Member Blog: Why travel policy matters

By Alan McDonagh - Roomex


Just like any company policy, a well-thought out business travel policy will allow all stakeholders to be comfortable around the area of business travel. Business owners and management can be sure that their staff are staying within budget, that they are meeting their duty of care requirements in terms of level of accommodation provided, and that time is not being wasted in the organisation of business trips. A successful travel policy will often centralise expense into a few key providers giving visibility on spend and therefore negotiating power.  

Employees on the other hand will appreciate the clarity around the expectations for business travel and an easy to follow procedure.  They will also feel that they are being treated fairly and with respect as they go and represent their company to clients or prospects.

So having a good travel policy makes sense at all levels, but how do you ensure it is implemented correctly? Perhaps the answer to the question best lies in focusing on the well-established 3Cs concept: Culture, Communication and Compliance. All three are interdependent and critical to consider throughout the creation, implementation and operation of travel policy.

Different policies work in different companies, or different types of companies. For a modern hi-tech company then “gamification” of the travel policy might work. On the other hand, more established or traditional companies may have stricter policies which they insist be followed, purposely making anything booked outside of policy difficult to claim on expenses. Roomex advise that companies of all types should be striving for greater than 90% compliance with company travel policy. Booking outside of policy should be the absolute exception, and for good reason, but even this spend should be traceable. It is extremely important for overall visibility, billing, control and future contract negotiation, that as much spend as possible complies with policy.

Implementing travel policy correctly involves listening to the concerns of staff on the ground, particularly in different cultures and countries. By showing that the local staff have the ability to input into policy formulation then the actual communication of the final policy becomes much easier. Frustration is often created by language such as “should” and “may” which is too inexact and leads to doubts which in turn leads to non-compliance. Better to be bold and insist that things are followed by using “must”.

Buy-in on travel policy is required at the highest level of management but also throughout the ranks.
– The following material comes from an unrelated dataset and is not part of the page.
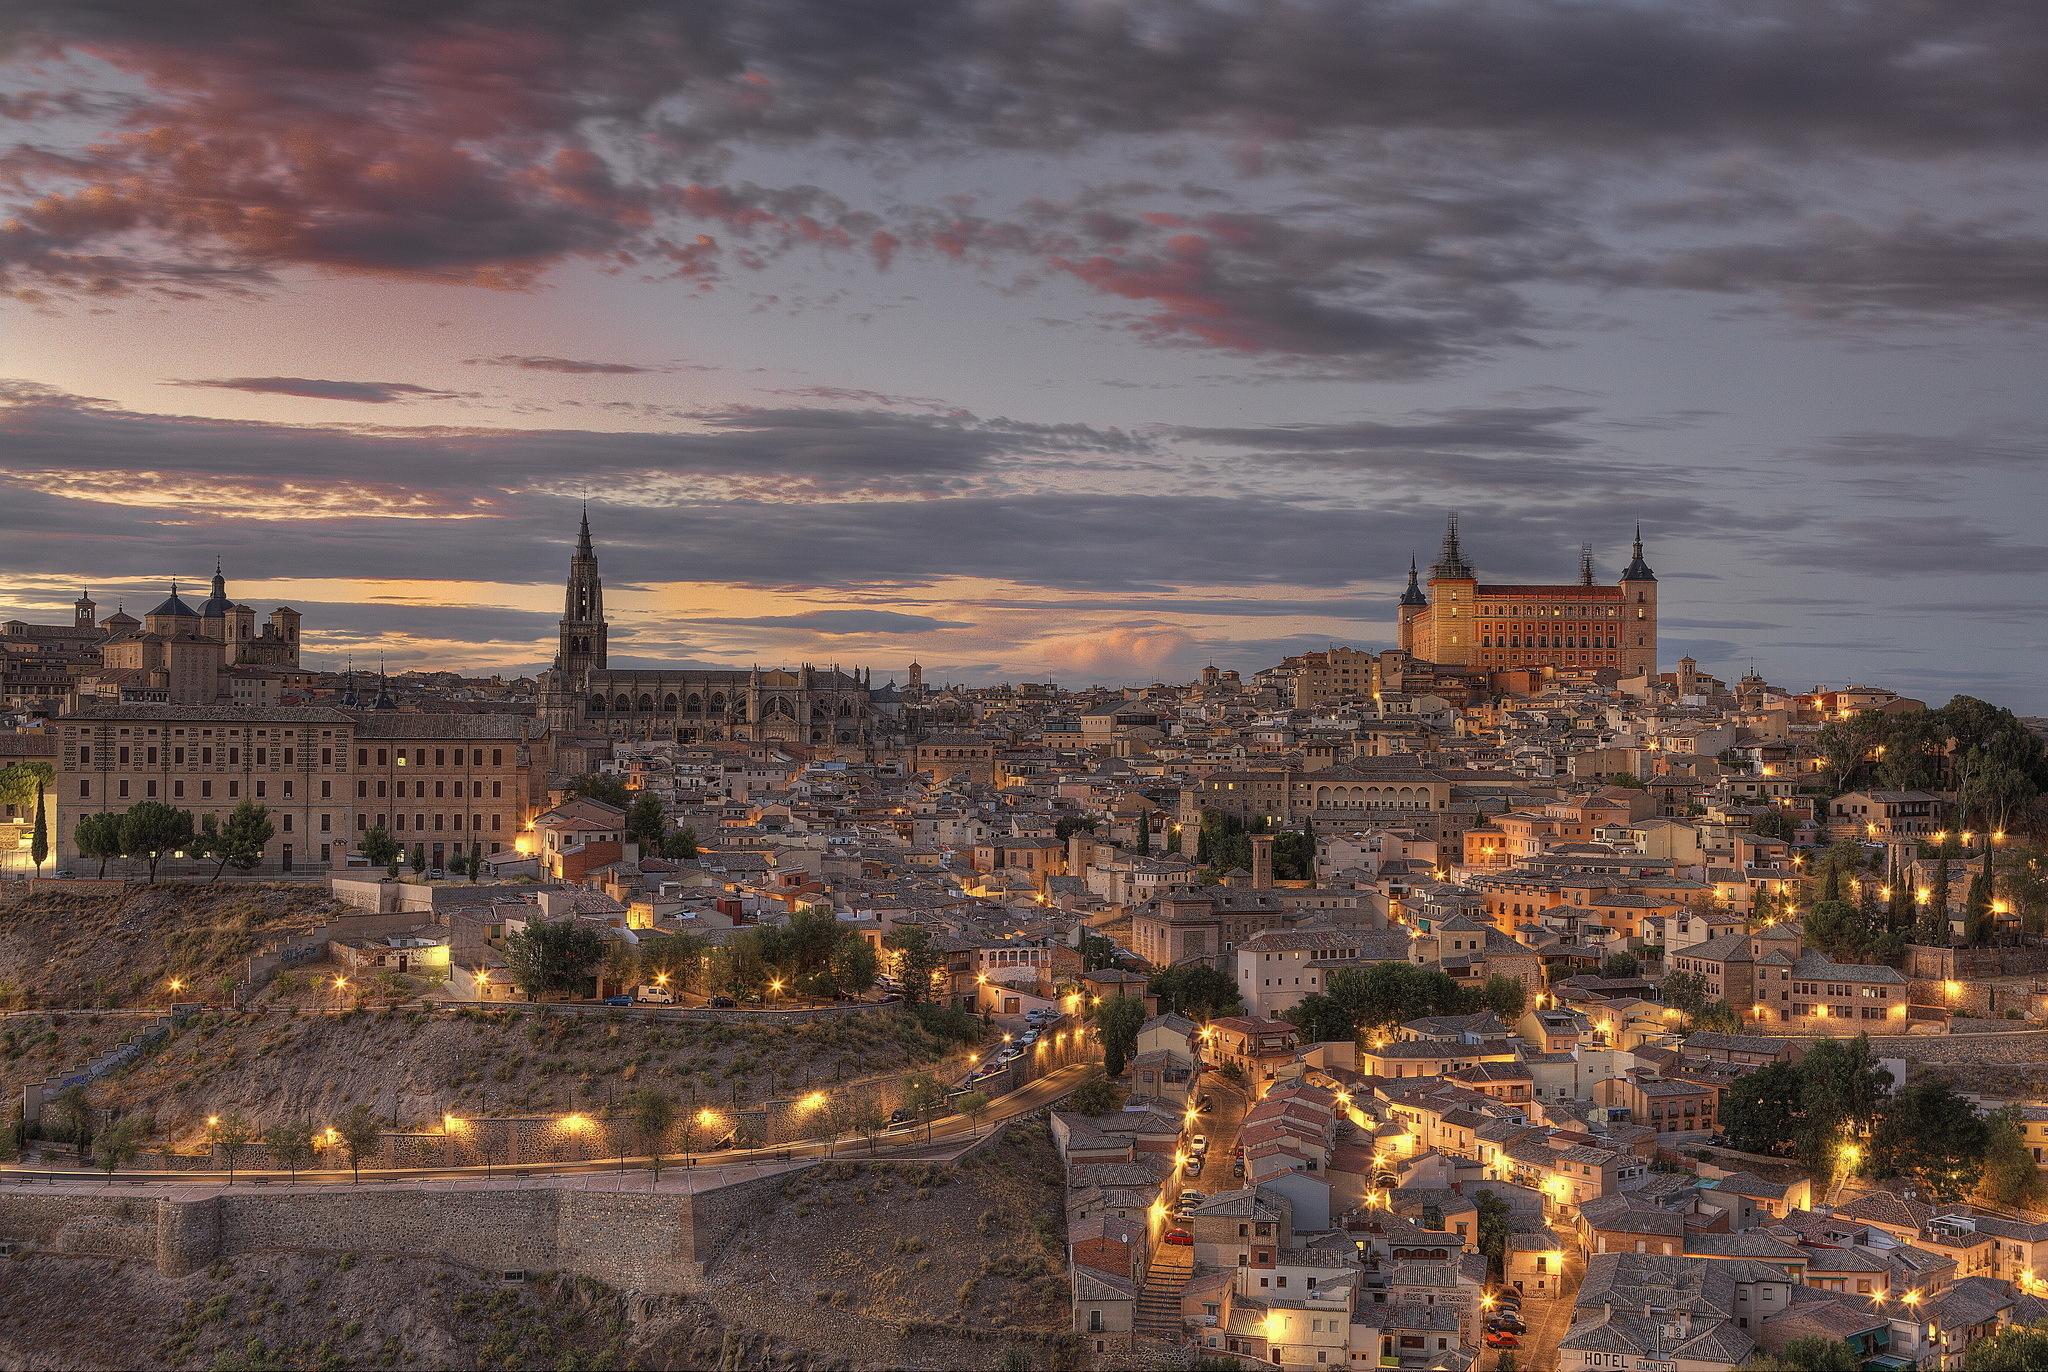 141434 télécharger le fond d'écran Villes, Crépuscule, Les Lumières, Lumières, Hdr, Espagne, Toledo, Tolède - économiseurs d'écran et images gratuitement

Leakage from the policy will occur if the policy isn’t flexible, realistic, achievable and monitored. The role of the PA and administrative staff is particularly important as they often have their finger on the pulse of habits that may be difficult to change if not considered in the policy.

Finally, who should own the company travel policy? Is it Procurement, HR, Finance or a combi-nation of departments? While there is no real consensus on that, the general feeling is the role of HR is critical. Travel is a soft issue that can have big consequences in terms of morale if not handled properly and for that reason it probably fits best if it becomes part of the HR function.